Repeat the data word for word. Do not include the pictures.

### Input data:
******
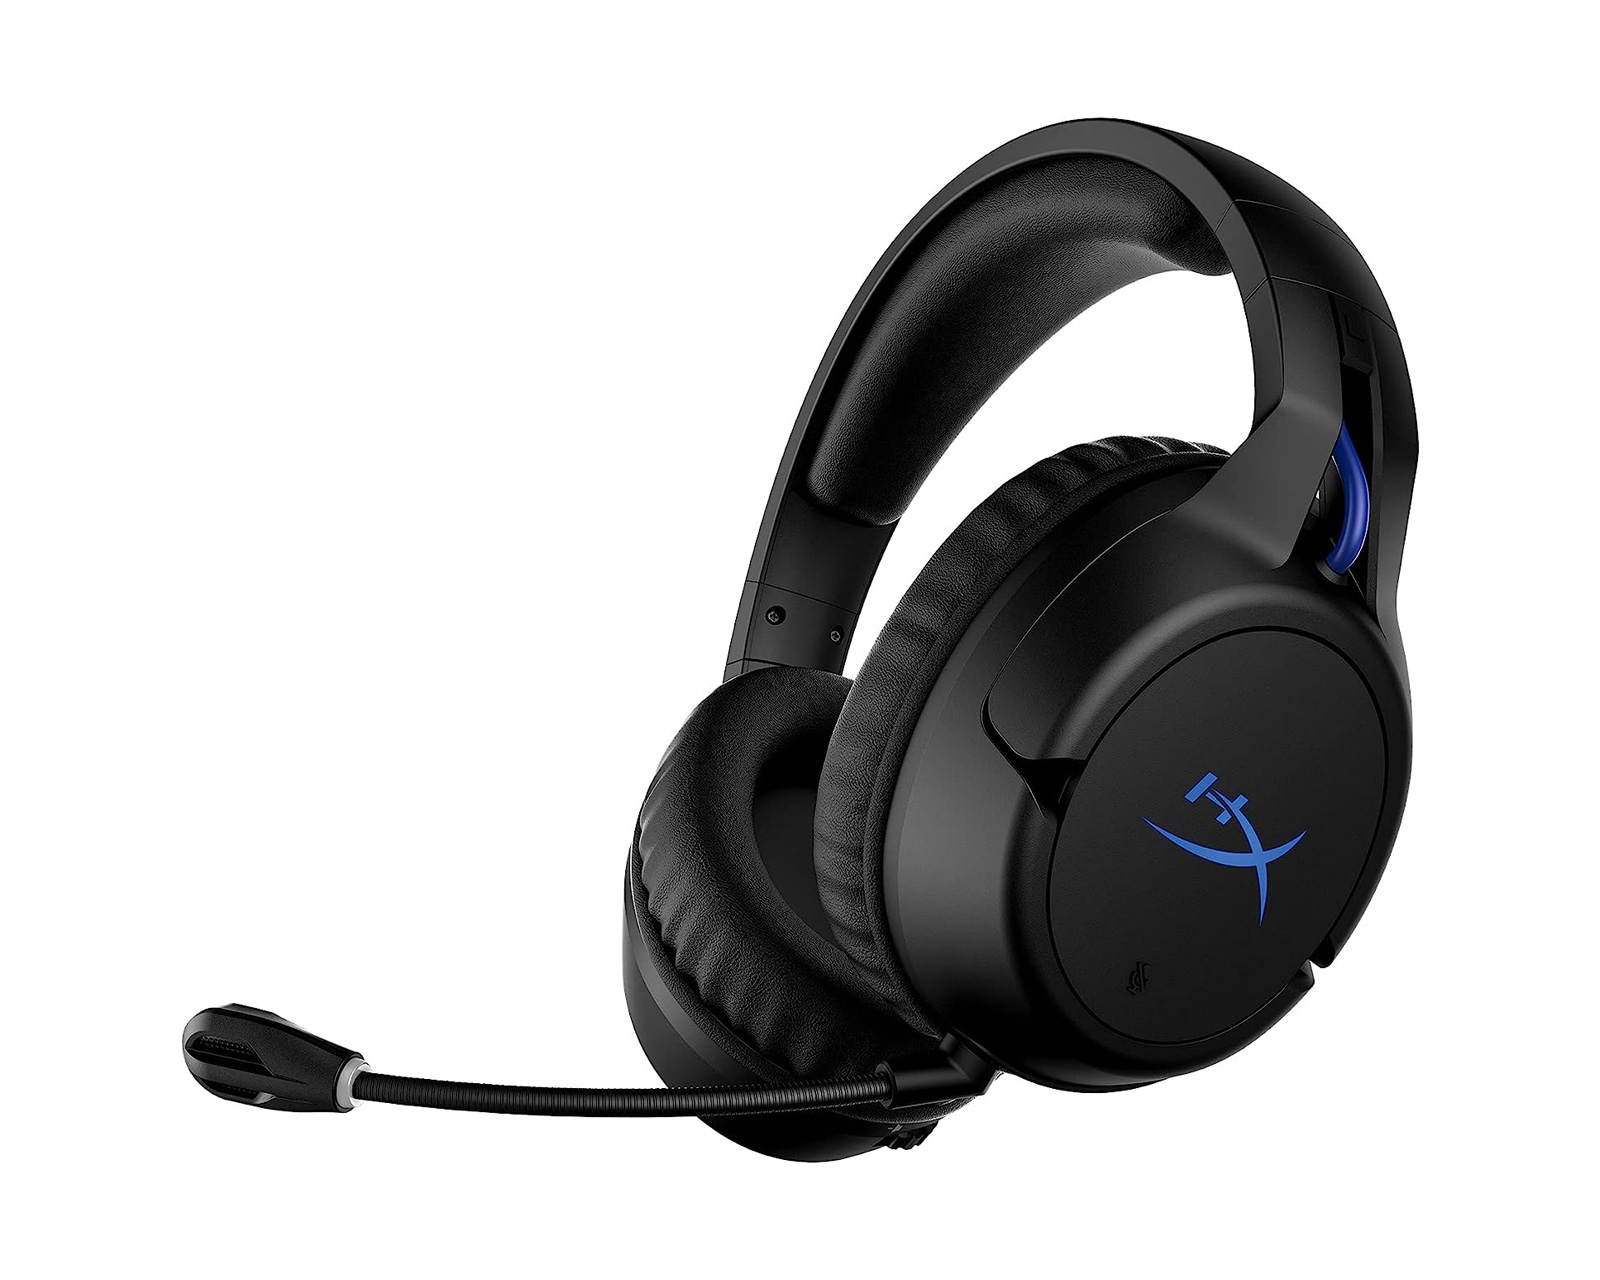 Wireless Gaming Headset, 2.4GHz Wireless Headset for PC, PS4/PS5, Nintendo  Switch, LongBattery Up to 30h, 7.1 Surround Sound, Detachable Microphone
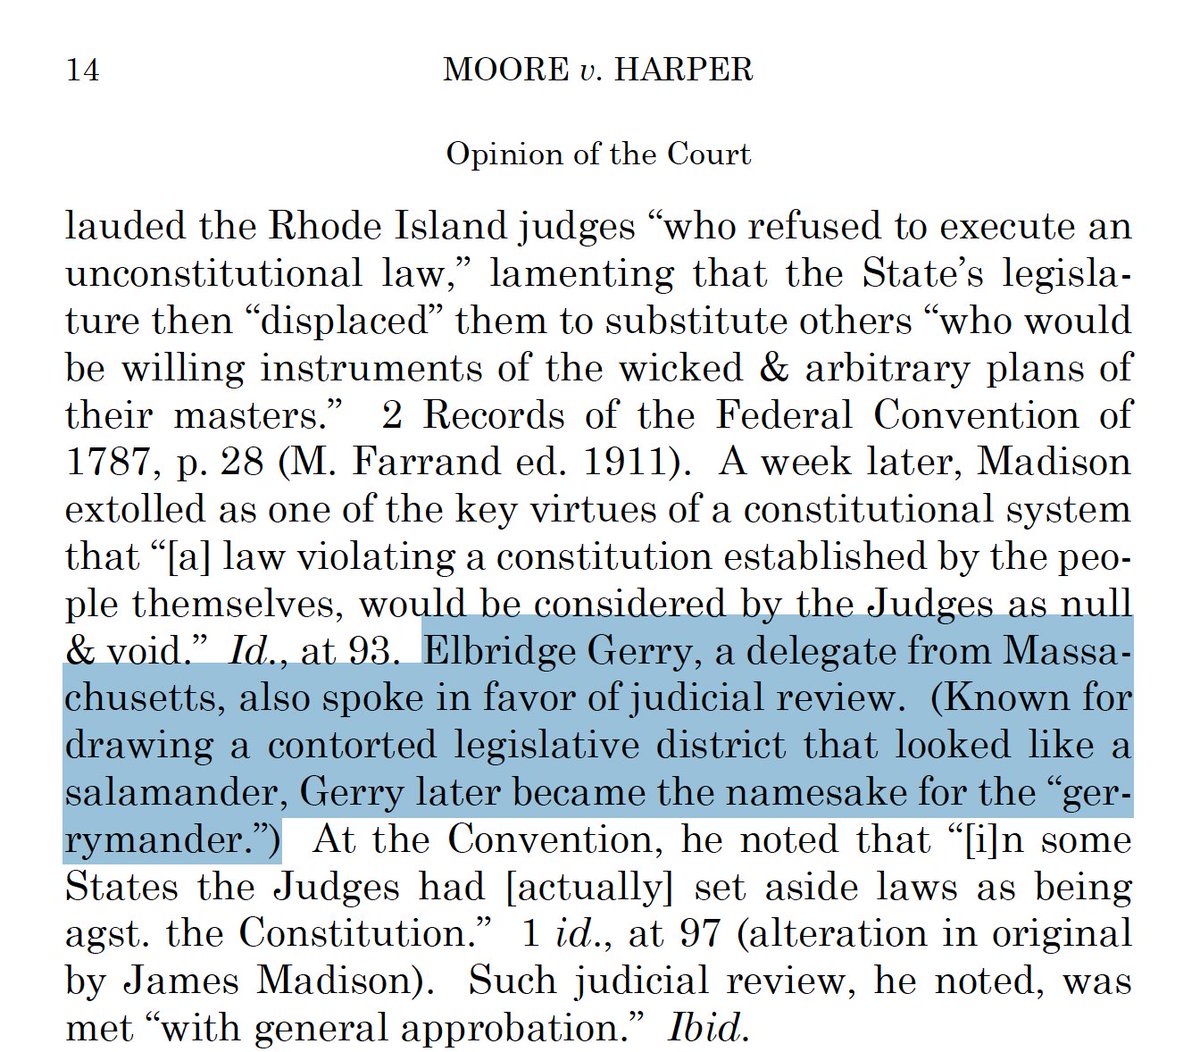 Not to look a gift horse in the mouth or anything, but really Chief Justice Roberts, *now* you happily cite Elbridge Gerry?! #StillBitterAboutRucho #MoorevHarper
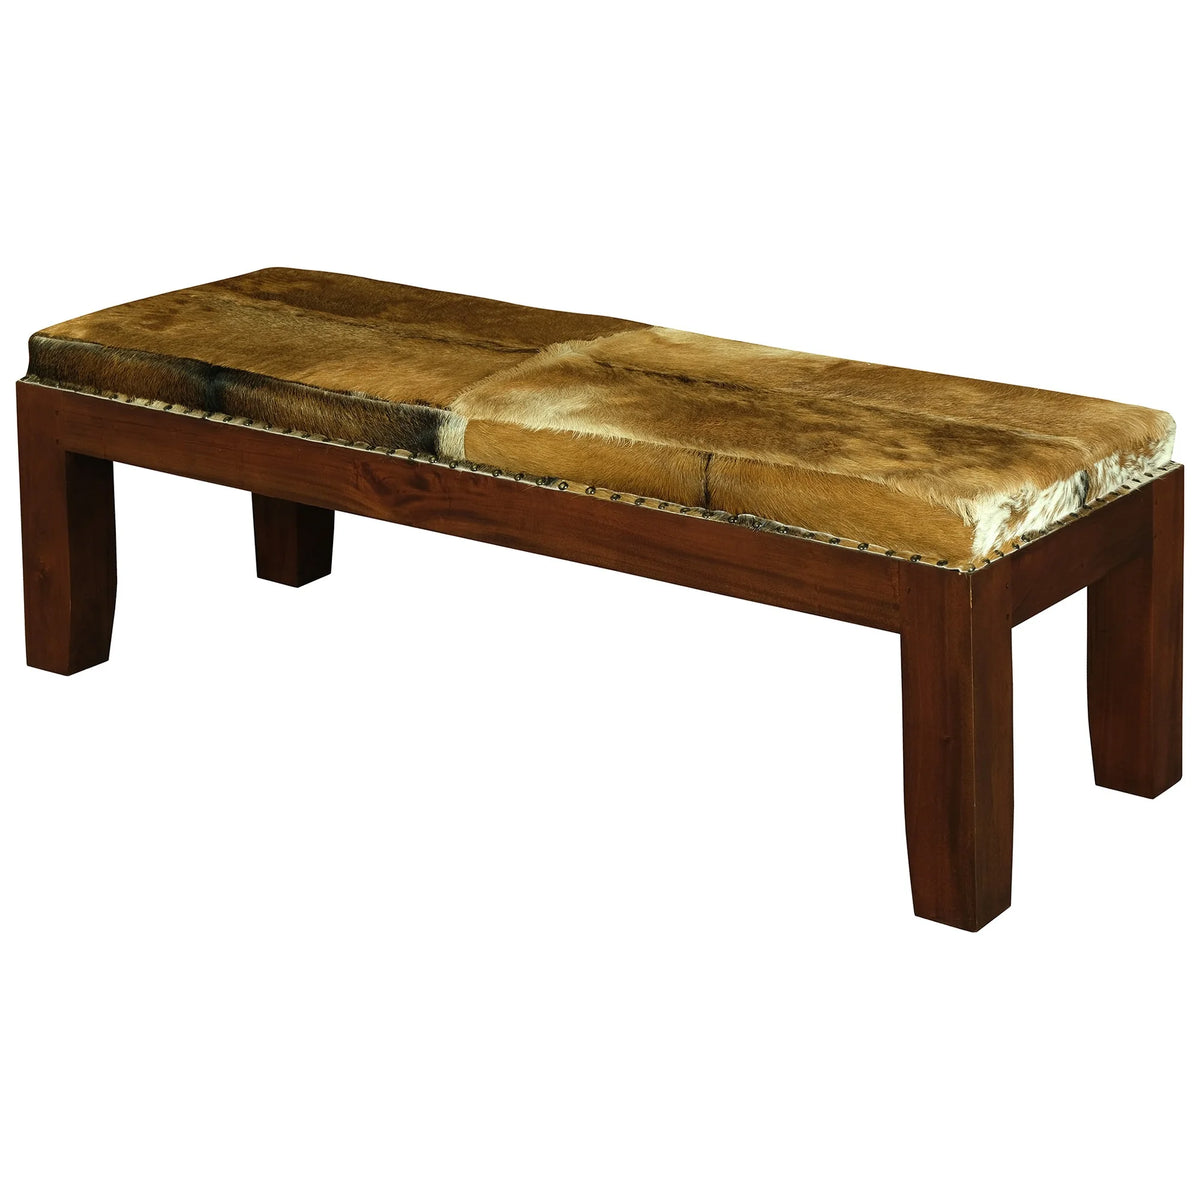 Zocca Solid Timber Double Bench with Goat Hide Seat - Notbrand
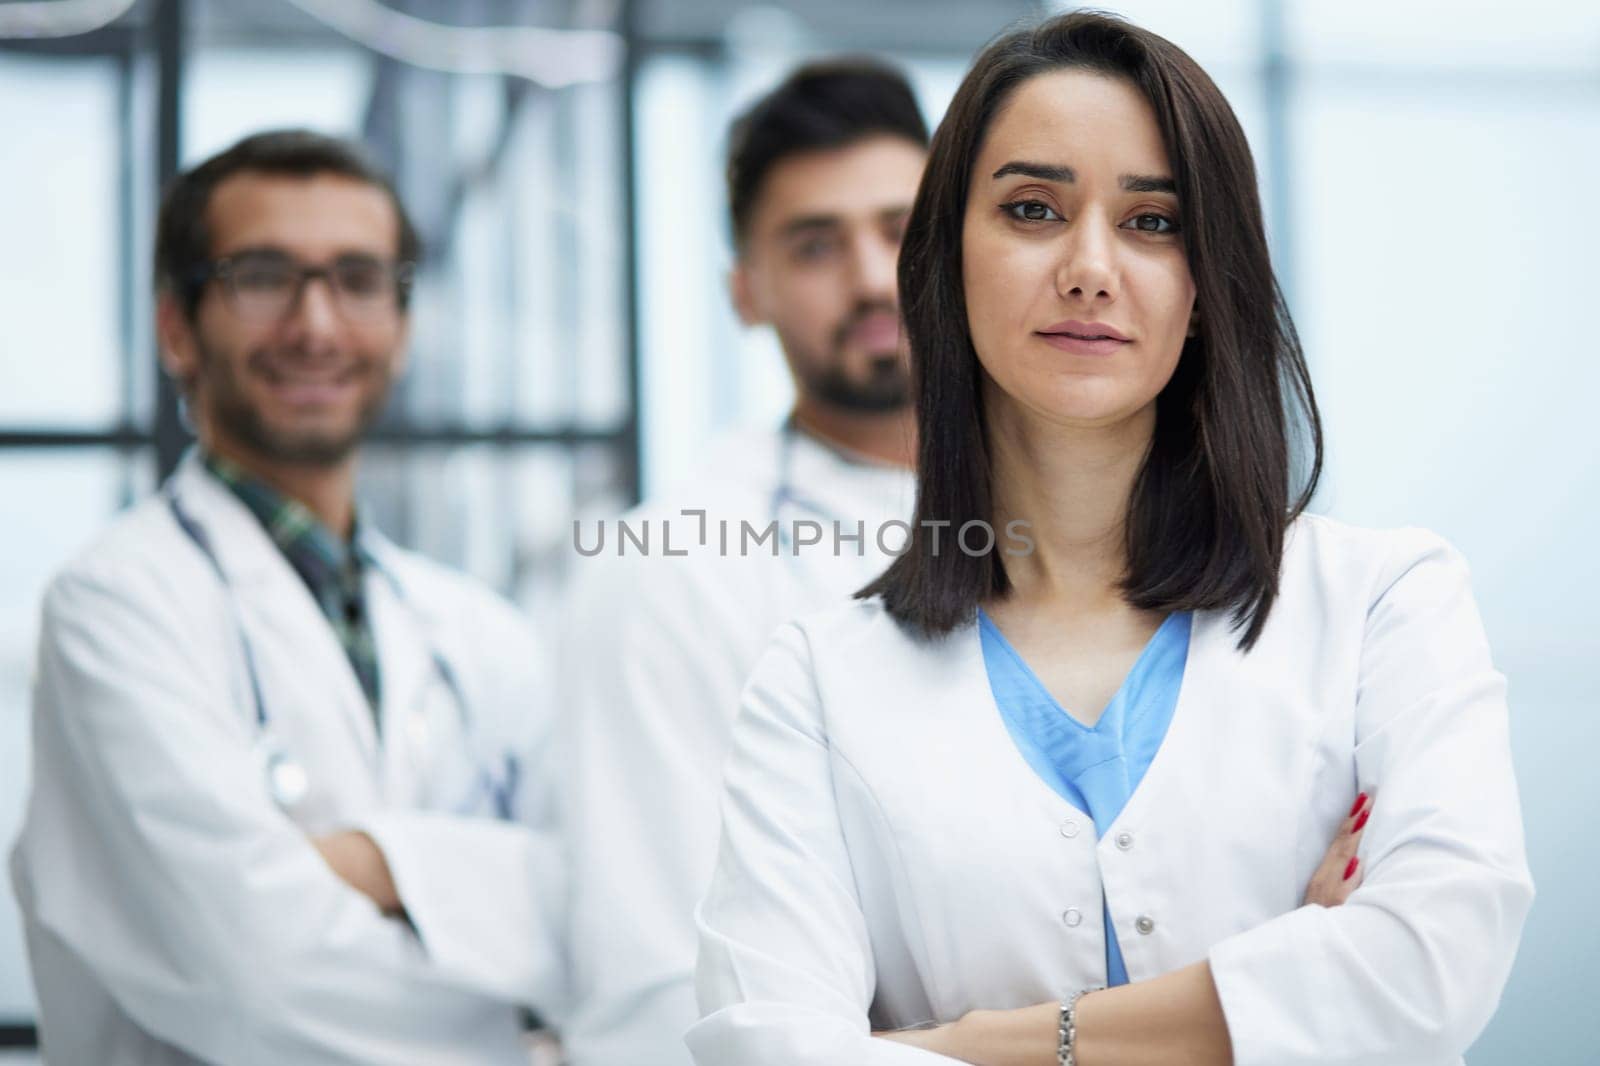 Attractive female doctor in front of the medical staff in the hospital stands with her arms crossed
******
### Answer to this task:
 Wireless Gaming Headset, 2.4GHz Wireless Headset for PC, PS4/PS5, Nintendo  Switch, LongBattery Up to 30h, 7.1 Surround Sound, Detachable Microphone
 Not to look a gift horse in the mouth or anything, but really Chief Justice Roberts, *now* you happily cite Elbridge Gerry?! #StillBitterAboutRucho #MoorevHarper
 Zocca Solid Timber Double Bench with Goat Hide Seat - Notbrand
 Attractive female doctor in front of the medical staff in the hospital stands with her arms crossed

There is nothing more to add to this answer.